Ambulatory surgery center (ASC) dealmaking activity continues to heat up.
In one of the most recent deals, the private equity-backed Capitol Pain Institute (CPI) acquired Pain Care Surgery of Louisville. Strategically, the transaction adds to CPI’s advanced procedures offerings via spinal cord and peripheral nerve stimulation, interspinous stabilization and fixation, and posterior SI joint fusion.
Financial terms of the transaction were not disclosed.
“We believe that every patient deserves access to the most advanced pain treatments and compassionate, holistic care,” CPI Founder and President Dr. Matt Schocket said in a press release. “We are well-positioned to fulfill this commitment and make a positive impact on the lives of those living with chronic pain in the Louisville area by ensuring patients can receive the highest standard of care.”
CPI is backed by health care-focused PE firm Iron Path Capital. Some of the firm’s other health care investments include anatomic pathology provider Versant Diagnostics and urgent care services provider Emergence Health.
Following its acquisition of Pain Care Surgery of Louisville, CPI has clinics and ASCs across six states: Texas, Ohio, Kentucky, Minnesota, Indiana and Colorado.
CPI’s focus is interventional pain management, helping patients mitigate and manage their chronic-pain conditions through procedures such as spinal cord stimulator implants, among others. Schocket founded the company in Austin, Texas, in 2007.
“This acquisition represents another milestone in CPI’s growth strategy, reinforcing its position as a leading interventional pain management platform,” Iron Path Capital Co-Founder Rob Reistetter said in the release. “We continue to look for the right partners as we expand into new markets, offering valuable resources and collaborating with the top medical professionals to deliver the highest quality care to patients.”
The purchase of Pain Care Surgery of Louisville is an important one for CPI, partly due to strict certificate-of-need (CON) laws in the Kentucky market that limit de novo ASCs from opening.
CON regulations in health care are meant to prevent too many provider types from operating in a given geography, in turn avoiding market saturation and discouraging bad actors from popping up.
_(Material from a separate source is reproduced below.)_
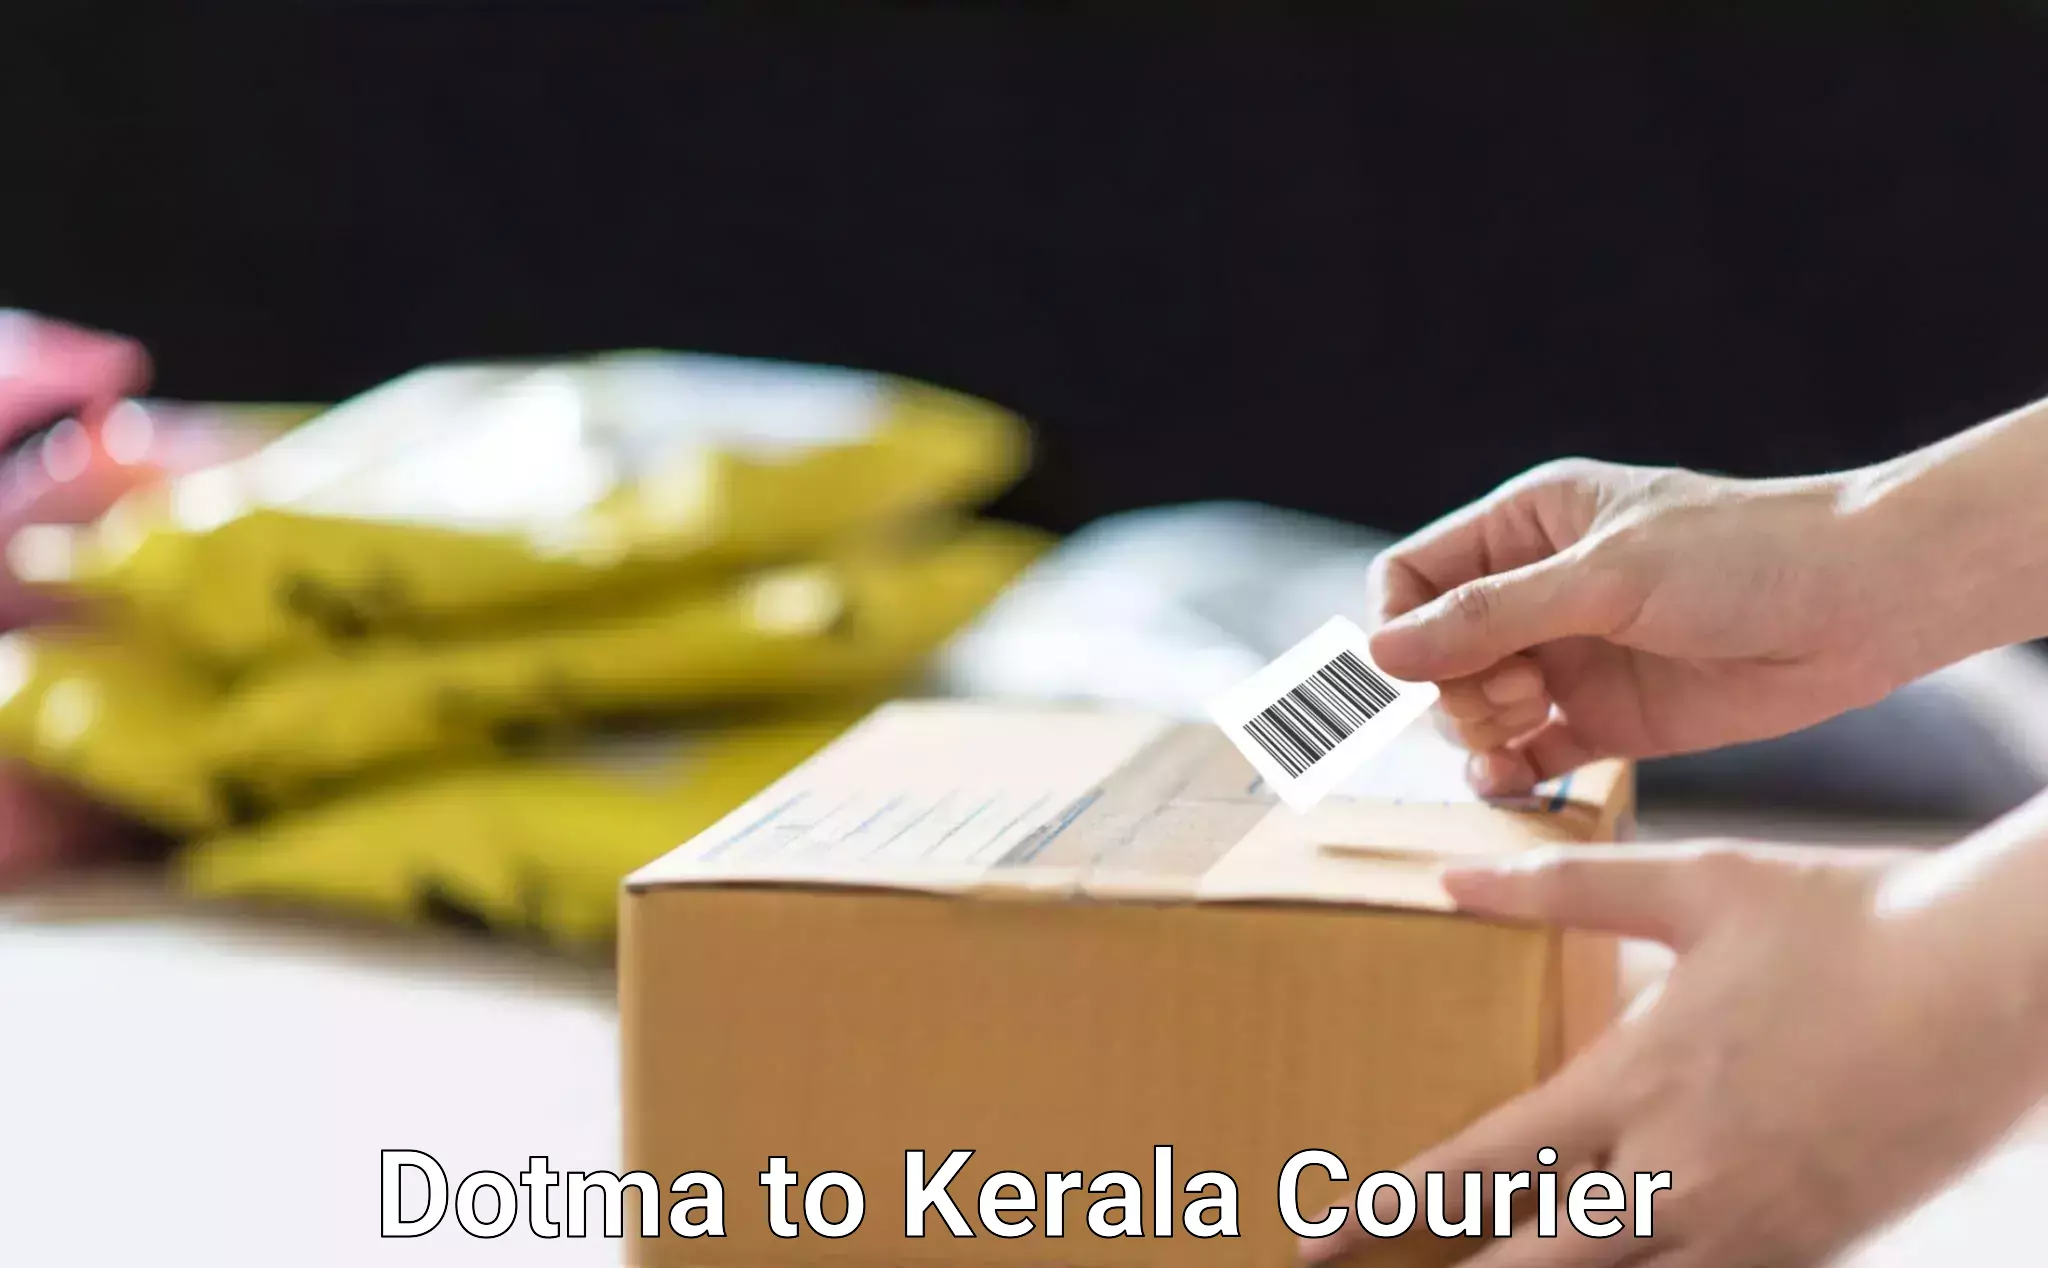 Efficient cargo handling Dotma to Kerala

For businesses in growth mode, such regulations make M&A essential.
The purchase also made sense for CPI because Pain Care Surgery of Louisville is located near CPI’s other locations in Elizabethtown and South Louisville.
“CPI welcomes non-affiliated physicians and practices that don’t have access to an ASC to use this facility, which will be set up for and cater specifically to interventional pain management,” the press release noted.
There have been several other ASC transactions announced in recent months.
In November, for example, Regent Surgical Health acquired majority ownership in Oregon Surgical Institute.
A month earlier, TriasMD, the parent company of DISC Surgery Centers, acquired California-based Pinnacle Surgery Center.
The large publicly traded ASC companies – such as United Surgical Partners International (USPI), Tenet Healthcare’s (NYSE: THC) ASC business – have been active on the dealmaking front as well.
Despite interest rates remaining high, ASC M&A activity is likely to continue throughout 2024, as the U.S. health care system as a whole collectively works to shift care away from traditional inpatient and high-cost settings.
Health care advisory firm VMG Health emphasized this point in a recently released report.
“The growth opportunities provided by the outpatient care setting will likely continue to attract additional suitors and further drive the growth and consolidation of the sub-industry,” the report stated.